Subject person profile 516 may include any subject person profile
516 as described above, in reference to FIGS. 1-7. For example, and
without limitation, subject person profile 516 may include
information such as subject person date of birth, email, cell phone
number, social security number, driving license number, passport
number, employment history, skills, academic details, and/or social
engagements. Subject person profile 516 may include data collected
under categories such as candidate employment history,
pre-employment screening, academic details, and social engagement
activities. Subject person profile 516 may be stored in requestor
and/or subject person-linked data store 140. Subject person profile
516 may be encrypted. Subject person profile 516 may be validated
by certain third-party validators.
[0100] Still referring to FIG. 8, computing device 804 determines a
plurality of scores 808, wherein each score represents at least an
attribute 812 of a subject person profile 516 of the plurality of
subject person profiles 516. As used in this disclosure a "score"

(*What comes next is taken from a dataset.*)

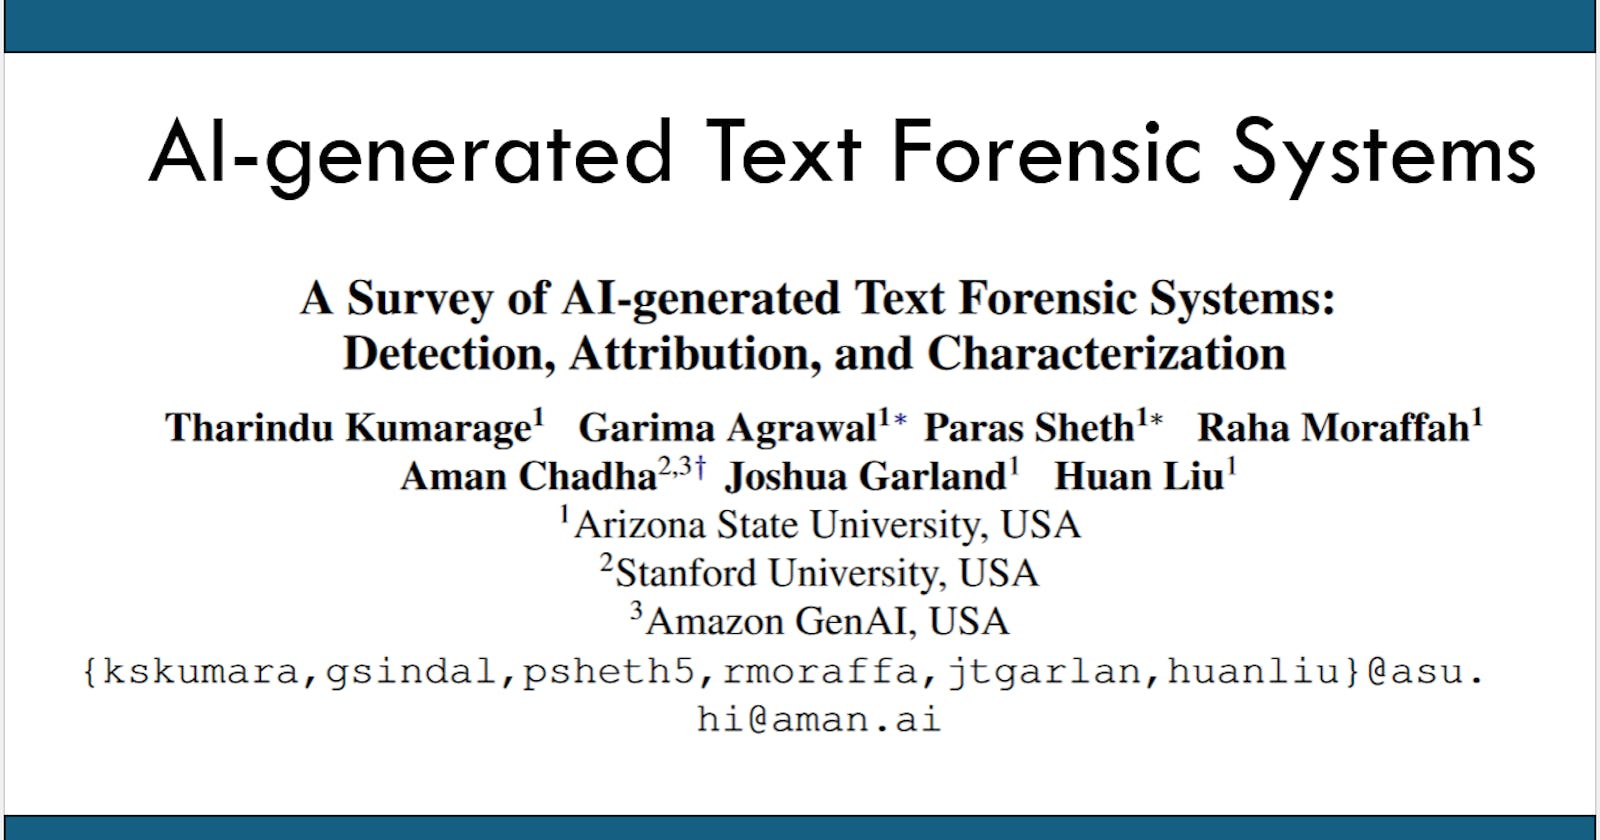 A Survey of AI-generated Text Forensic Systems

is a numerical value representing one or more attributes of subject
person profile 516. Score 808 may include any score as described
above in reference to FIGS. 1-7. As used in this disclosure an
"attribute" is a quality, feature, and/or characteristic of a
subject person. Attribute 812 may include any attribute as
described above in reference to FIGS. 1-7. In an embodiment, and
without limitation, attribute 812 may include one or more
characteristics such as generosity, integrity, loyalty, devoted,
loving, kindness, sincerity, self-control, peaceful, faithful,
patience, determination, persistence, open-minded, fair,
cooperative, tolerant, optimistic, spiritual, and the like thereof.
In an embodiment, and without limitation, score 808 may be a
numerical value representing attribute 808, wherein score 808 may
include a numerical value such as 20 for generosity, 15 for
loyalty, 99 for perseverance, and the like thereof.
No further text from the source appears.